Material to process:
=== Section Start ===
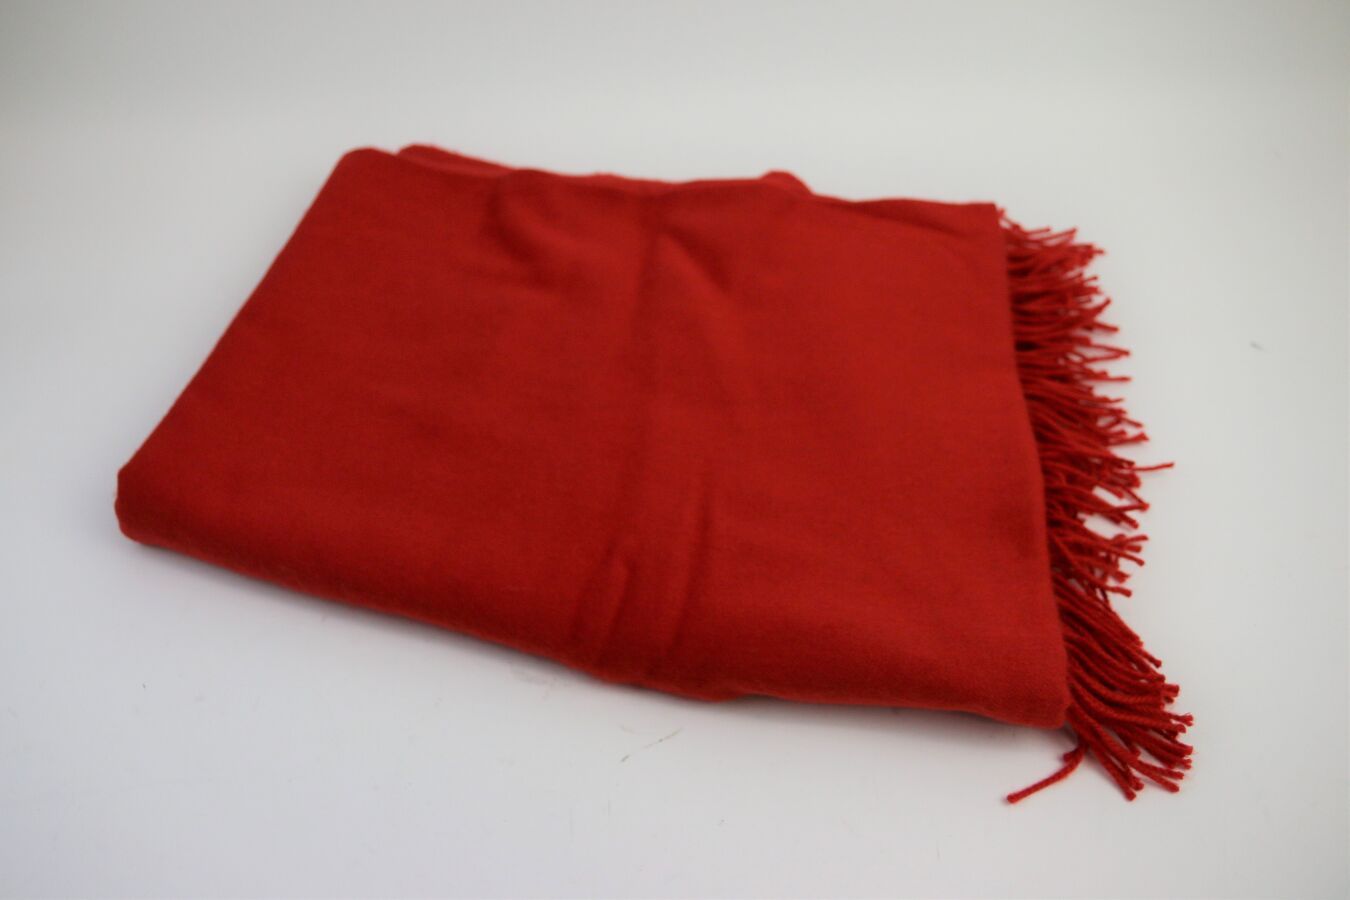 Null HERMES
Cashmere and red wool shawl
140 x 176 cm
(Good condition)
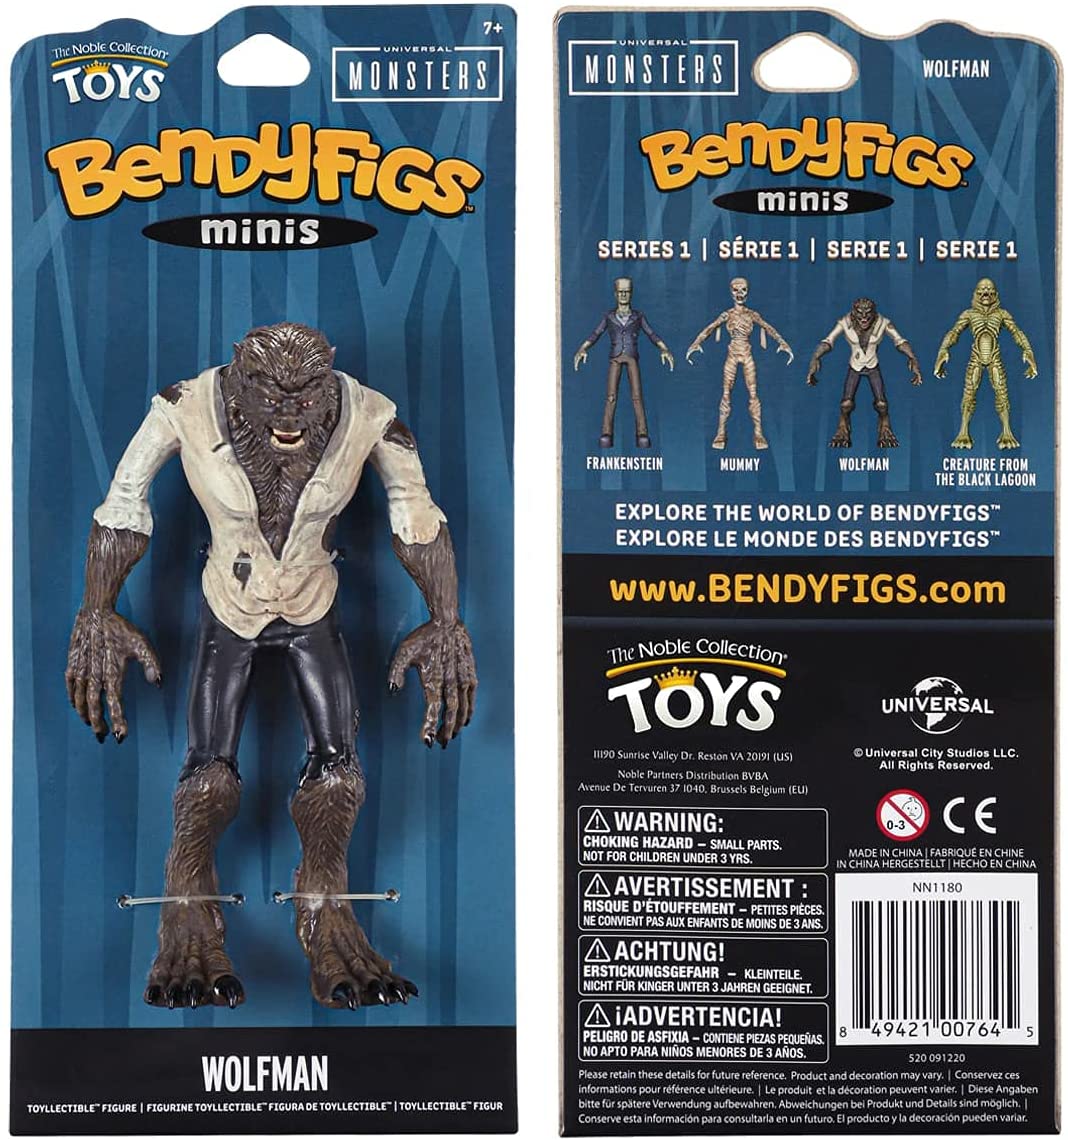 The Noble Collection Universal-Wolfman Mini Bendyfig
=== Section End ===
=== Section Start ===
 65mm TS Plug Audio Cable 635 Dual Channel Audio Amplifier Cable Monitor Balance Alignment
=== Section End ===
What this task involves: The answer is the lines of the material above, from the one containing "(Good condition)" down to the one containing "The Noble Collection", given exactly and without images.

Response:
(Good condition)
 The Noble Collection Universal-Wolfman Mini Bendyfig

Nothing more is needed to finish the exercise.